Alors qu’il a 17 ans, son professeur lui demande d’étudier une sonate du compositeur russe. Après quelque temps, peu convaincu de sa performance, le prof lui dit que le morceau est sans doute trop difficile pour lui, et lui en assigne un autre. Piqué au vif, le jeune pianiste se décide à concentrer désormais tous ses efforts sur son instrument. Bien lui en prit : il se révélera plus tard comme l’un des pianistes les plus talentueux de sa génération.

 

Lorsque l’OSM lui a proposé d’interpréter cet automne le Concerto no 3, op. 26 de Prokofiev, il a été surpris. « Je n’ai pas joué ce morceau depuis plus de 10 ans, explique Charles Richard-Hamelin. Je le retrouve avec beaucoup de joie ! »

 

Il donnera trois représentations de ce concerto à partir du 11 octobre, dans le cadre du concert Charles Richard-Hamelin et la musique russe .
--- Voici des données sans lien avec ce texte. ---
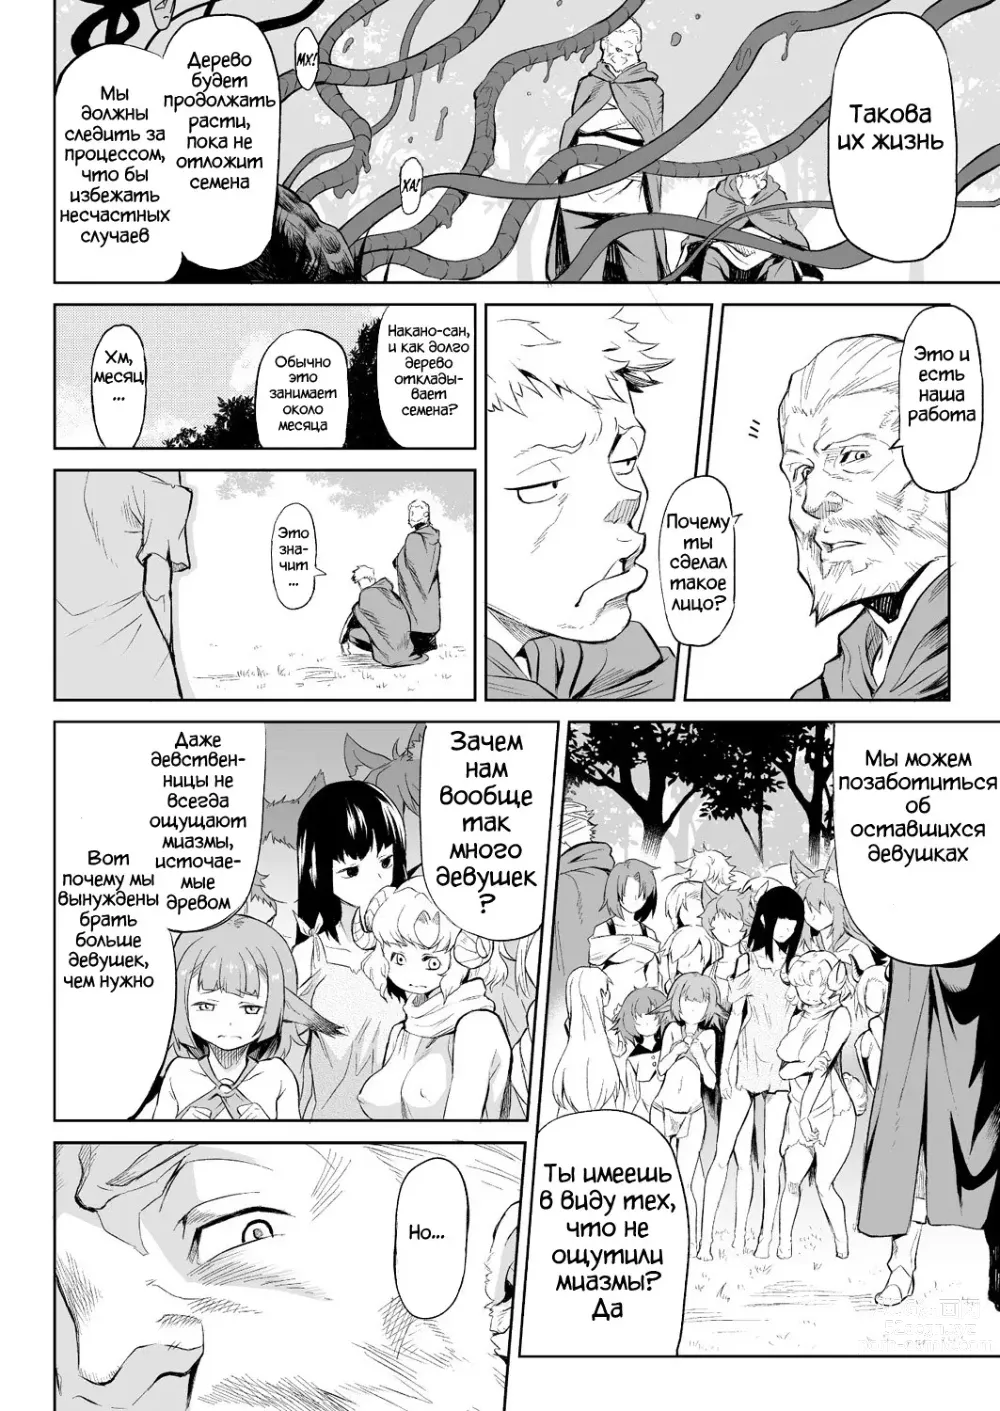 Page 13 of manga Parasite Tree
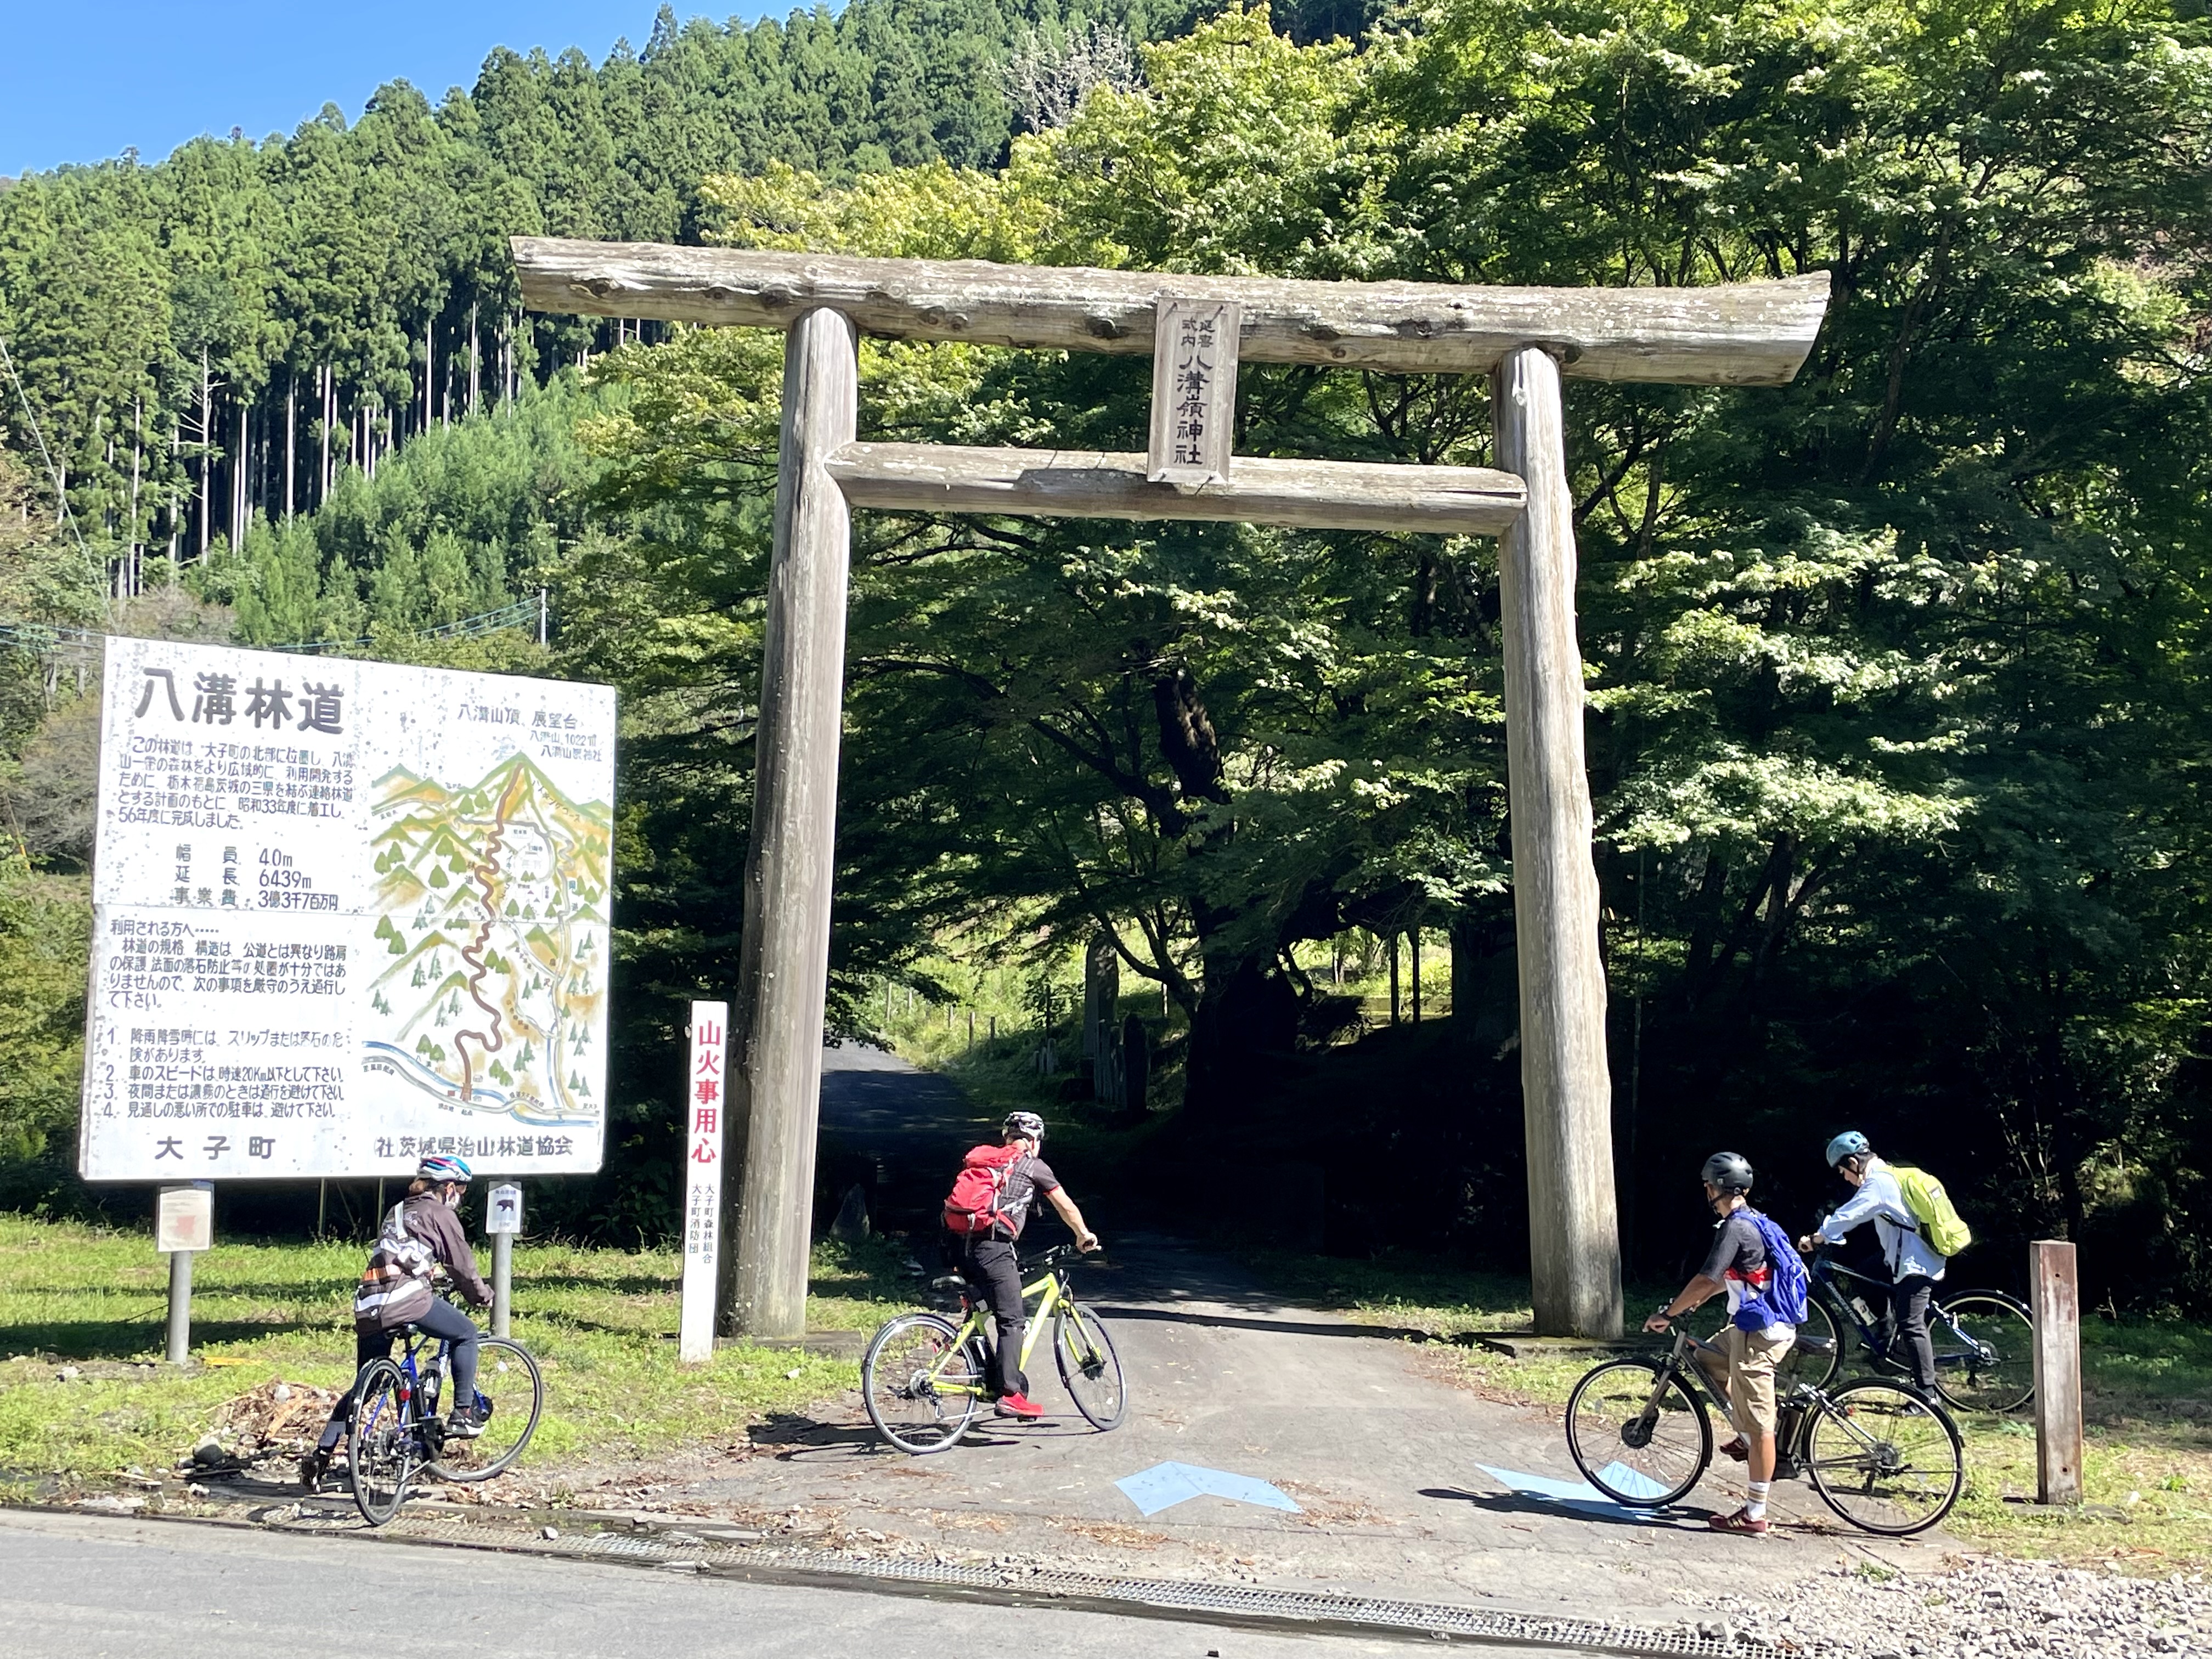 【茨城県】奥久慈ヒルクライムルート 1泊2日で滝をめぐり坂を楽しむサイクリングレポート《PR》

C’est pourtant à un autre compositeur, Chopin, que le nom de Charles Richard-Hamelin est naturellement associé. Sa maîtrise du répertoire de Chopin lui a valu en 2015 la médaille d’argent et le prix Krystian Zimerman lors du Concours international de piano Frédéric-Chopin à Varsovie.

 

Même s’il dit que ce prix a changé sa vie, ce n’est qu’une des nombreuses récompenses accordées au pianiste originaire de Joliette : Prix d’Europe, Révélation Radio-Canada en musique classique, premier prix au Concours national de piano de l’Orchestre symphonique de Toronto. Son premier disque a reçu l’an dernier le Félix « Album de l’année — Classique/Soliste et petit ensemble ». Cette année, il a été fait Compagnon des arts et des lettres du Québec (à 28 ans, il est le plus jeune après Xavier Dolan à avoir reçu une telle distinction).

 

Cette reconnaissance souligne une impressionnante carrière internationale. Rien qu’au cours des 12 derniers mois, il s’est produit en Allemagne, en France, en Italie, en Pologne, en Suisse, au Japon et à Singapour !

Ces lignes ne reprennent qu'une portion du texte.